Re: This question is really tough for me

by lokesh sardana -

at any time t,

normal rxn on cart =  &usin@ +  (M- &t)g

Fnett on cart = u&cos@ - \mu{(M-&t)g + &usin@}

(M-&t).dV/dt = u&cos@ - \mu{(M-&t)g + &usin@}

dV = {u&(cos@ - \musin@)/(M-&t)- \mug}dt

integrating both sides

V = u&(cos@ - \musin@)ln{(M- &t)/M} - \mugt

where & = \lambda\frac{kg}{s} and  @ = \theta

this is the answer acc. to me...slightly diff from urs..

may be I am wrong...

In reply to lokesh sardana

Re: This question is really tough for me

by Sinjan Jana -
No, you are absolutely correct.. The answer I gave is dimensionally incorrect..!!
In reply to lokesh sardana

Re: This question is really tough for me

by Chandni Bhatia -
Can you please explain why &usin@ is added to normal rxn.?
In reply to Chandni Bhatia

Re: This question is really tough for me

by lokesh sardana -
because the canon is at some angle.......so, force exerted by it will be resolved in two components, horizontal component will push the cart forward and vertically component will try to push the cart downward thus adding up in normal rxn..
In reply to lokesh sardana

Re: This question is really tough for me

by lokesh sardana -

  truely saying, my above method is not correct....

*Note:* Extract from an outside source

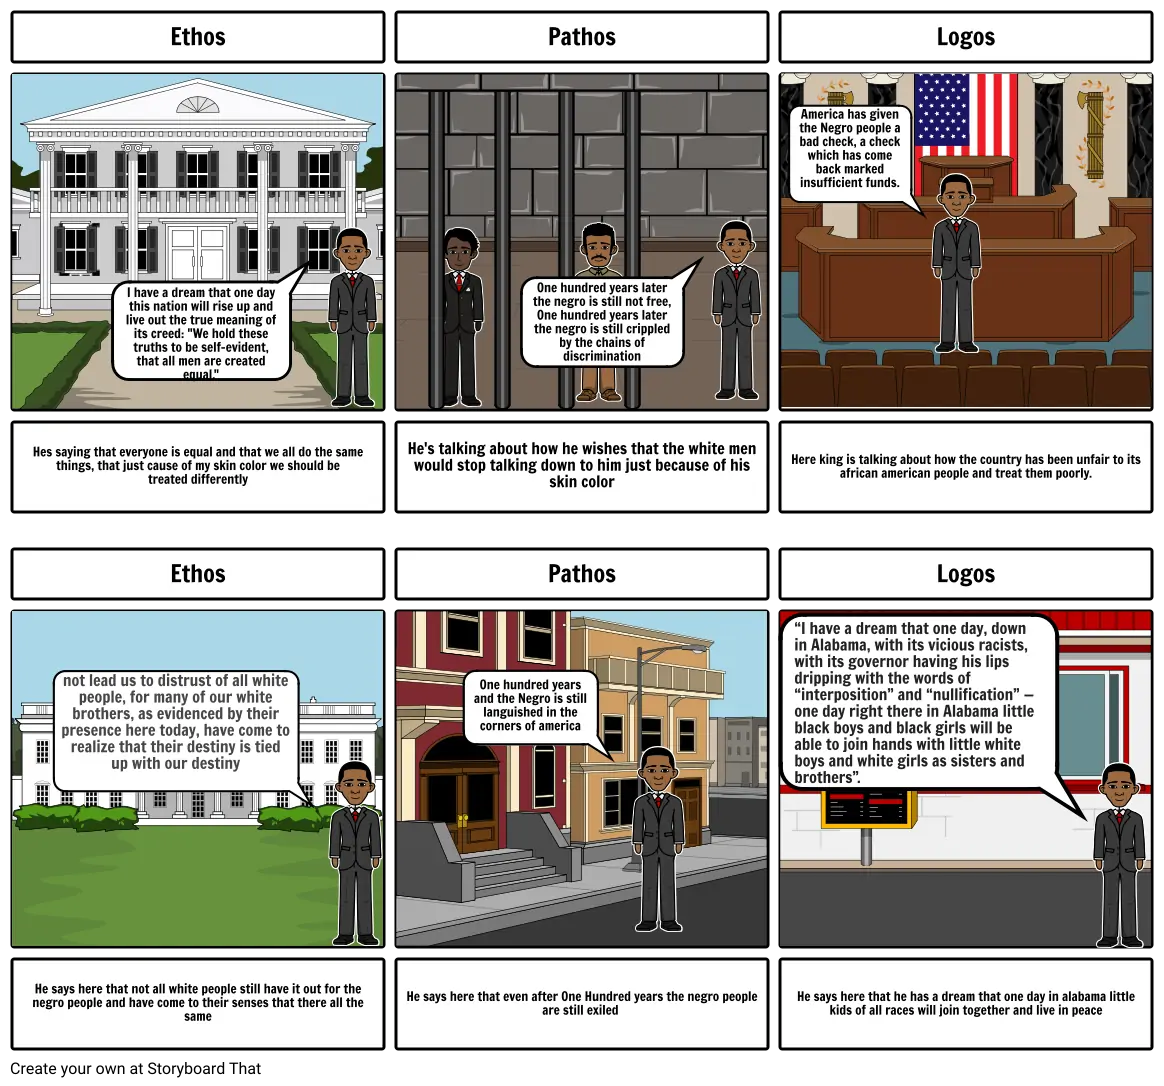 The MLK storyboard

here, I first calculated Fnett and then equated it to m.a = m.dV/dt

but this is not valid because m is also changing with time..

so, it should be equal to d(mV)/dt.

but by this method , calculation become more complex and asnwer coming out to be completely different...

so, I am also confused..

sorry !!!! :(

It is better that experts should enter and tackle this problem.

I myself waiting for their replies.

Lokesh

In reply to lokesh sardana

Re: This question is really tough for me

by Sinjan Jana -
The answer given is wrong.

And the correct answer is :

(ucosθ-µusinθ)ln M/(M-λt)-µgt

we can easily see that the answer I posted is dimensionally incorrect.

The following gives a gist of the solution that is sufficient for us to understand.

Initially forget about the friction, just calculate the thrust/force generated due to recoil.

Apply Law of conservation of Momentum
In x direction,
λdt u cosθ = (M- λt)(dv) dv =change in velocity of truck.

Dv/dt= λ u cosθ/(M- λt)

Now consider frictional force = µN

N = mg + Thrust in downward direction due to recoil.

Nett retardation = dv/dt = -µ(g +( λ u sin θ/(M- λt)))

Nett acceleration = dv/dt = (λ u cosθ)/(M- λt) - (µλ u sin θ)/(M- λt) - µg

Integrate this (limits 0 to t)to get the following answer:

(ucosθ-µusinθ)ln M/(M-λt)-µgt
In reply to Sinjan Jana

Re: This question is really tough for me

by lokesh sardana -

well, this seems to be another form of my previous solution....

and I m sorry for slight mistake in my answer .....an extra '&" has been additionally multiplied in my answer due to calculation mistake in integration..

here u have written acc. a = F/m

 but is in this case newton's law applicable???? because here mass is also changing with time...

so,  it seems that same mistake has been performed as I did

that's why I m confused........